Einerseits hat die Schlichtung die Haltung der Baden-Württemberger zu dem Milliarden-Bauvorhaben klar verändert. Nach einer Umfrage im Auftrag des Südwestrundfunks und der "Stuttgarter Zeitung" befürworten jetzt 54 Prozent der Bürger das Bahnprojekt. 38 Prozent sind dagegen. Vor zwei Monaten waren noch 54 Prozent gegen und 35 Prozent für den Umbau des Kopfbahnhofs.

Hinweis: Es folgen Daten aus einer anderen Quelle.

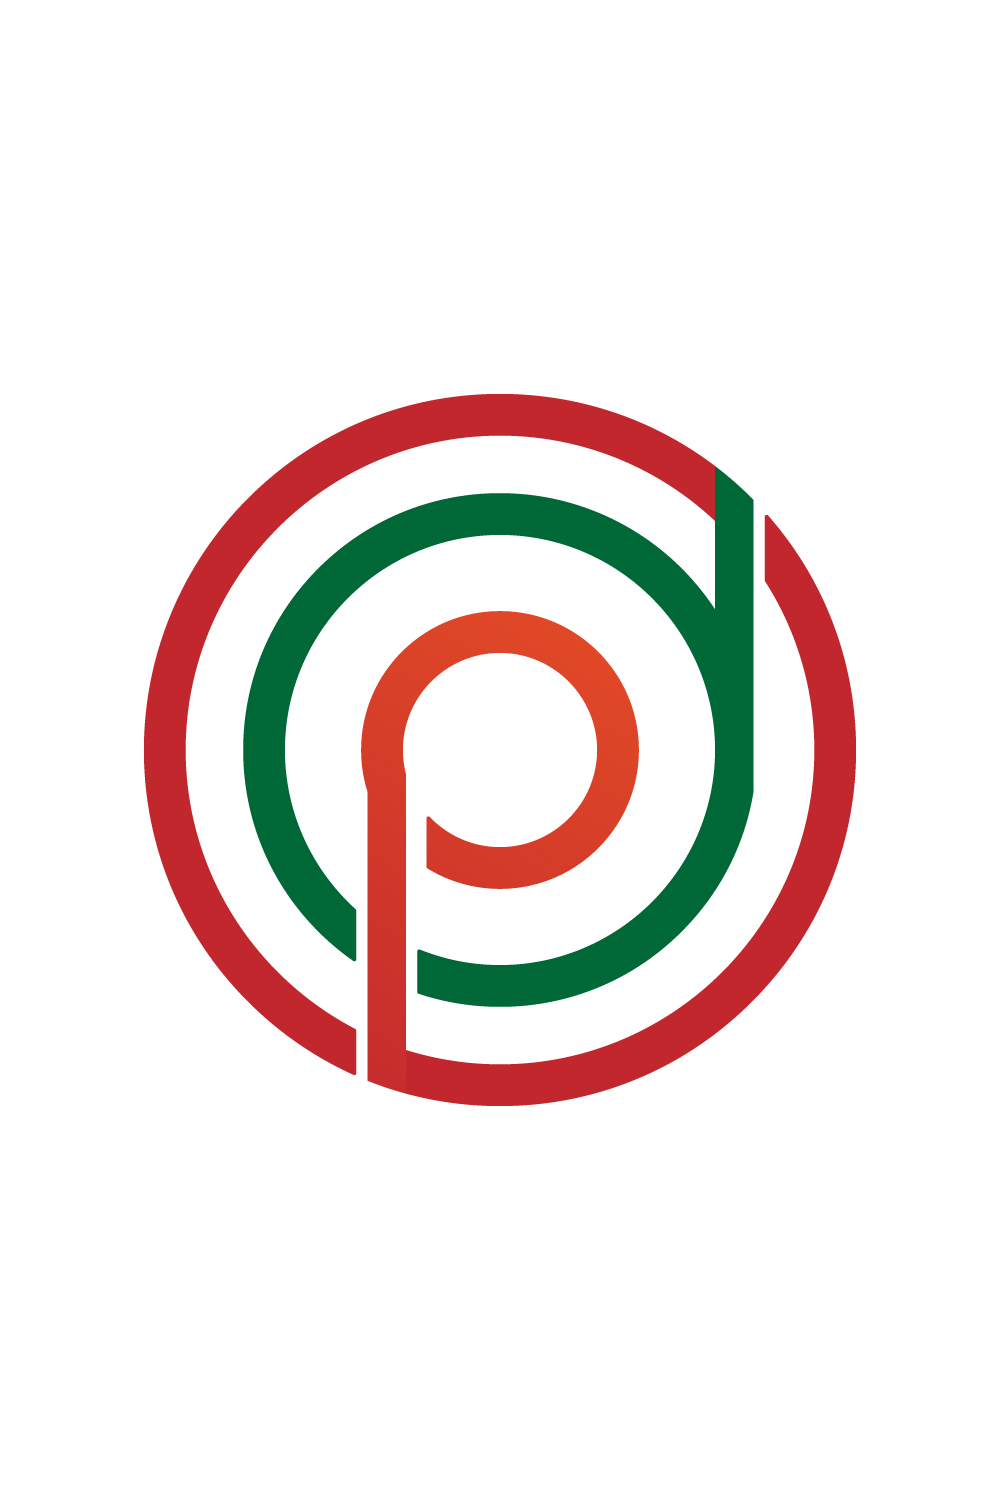 Professional PD letters logo design vector circle logo design DP logo orange and green color red circle logo pinterest preview image.
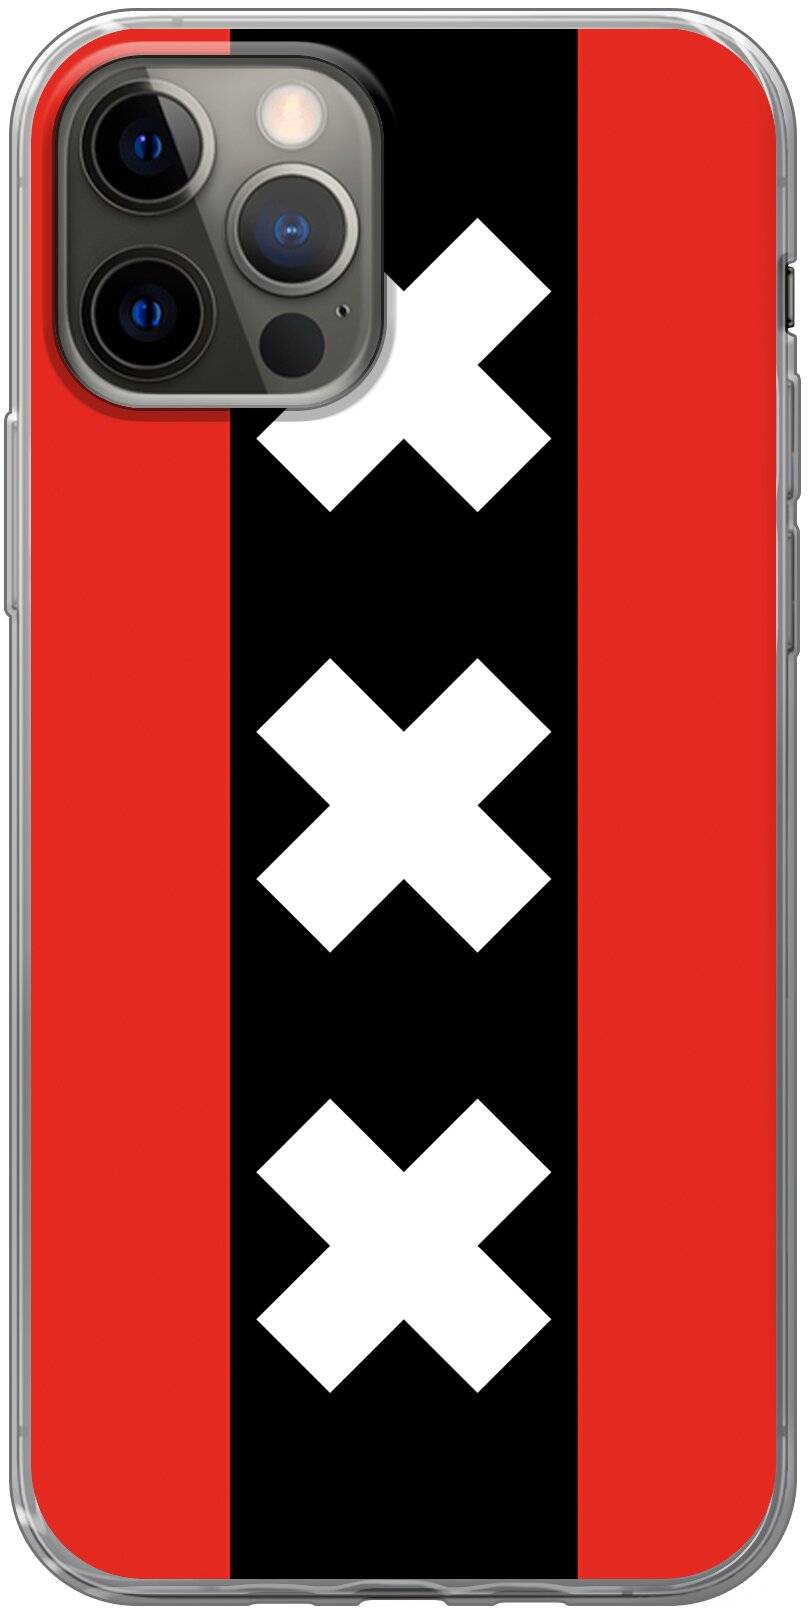 Amsterdamse vlag iPhone 12

Andererseits kochen nur wenige Tage nach der Schlichtung die Emotionen in Stuttgart schon wieder hoch. Der Unions-Fraktionsvize Arnold Vaatz hatte wegen des anhaltenden Grünen-Widerstands gegen Stuttgart 21 gesagt, die Grünen meinten, über den Ergebnissen der repräsentativen Demokratie zu stehen. "Das ist der übliche Anspruch von totalitärem Denken, den wir auch aus DDR-Zeiten kennen." Die Grünen forderten eine Entschuldigung.
Doch nicht nur über die Folgen des Schlichterspruchs wird in Stuttgart debattiert. Eine Protokollnotiz des Staatsministeriums hat im Untersuchungsausschuss des Landtags für Aufregung gesorgt. Demnach hat Ministerpräsident Stefan Mappus (CDU) vor dem harten Polizeieinsatz gegen Stuttgart-21-Gegner am 30. September ein "offensives Vorgehen gegen Baumbesetzer" verlangt. Die Opposition sieht darin einen Beleg für den Einfluss der Landesregierung auf den Einsatz. Der stellvertretende Einsatzleiter der Polizeiaktion, Norbert Walz, wies eine Einflussnahme der Politik auf die Polizeitaktik klar zurück.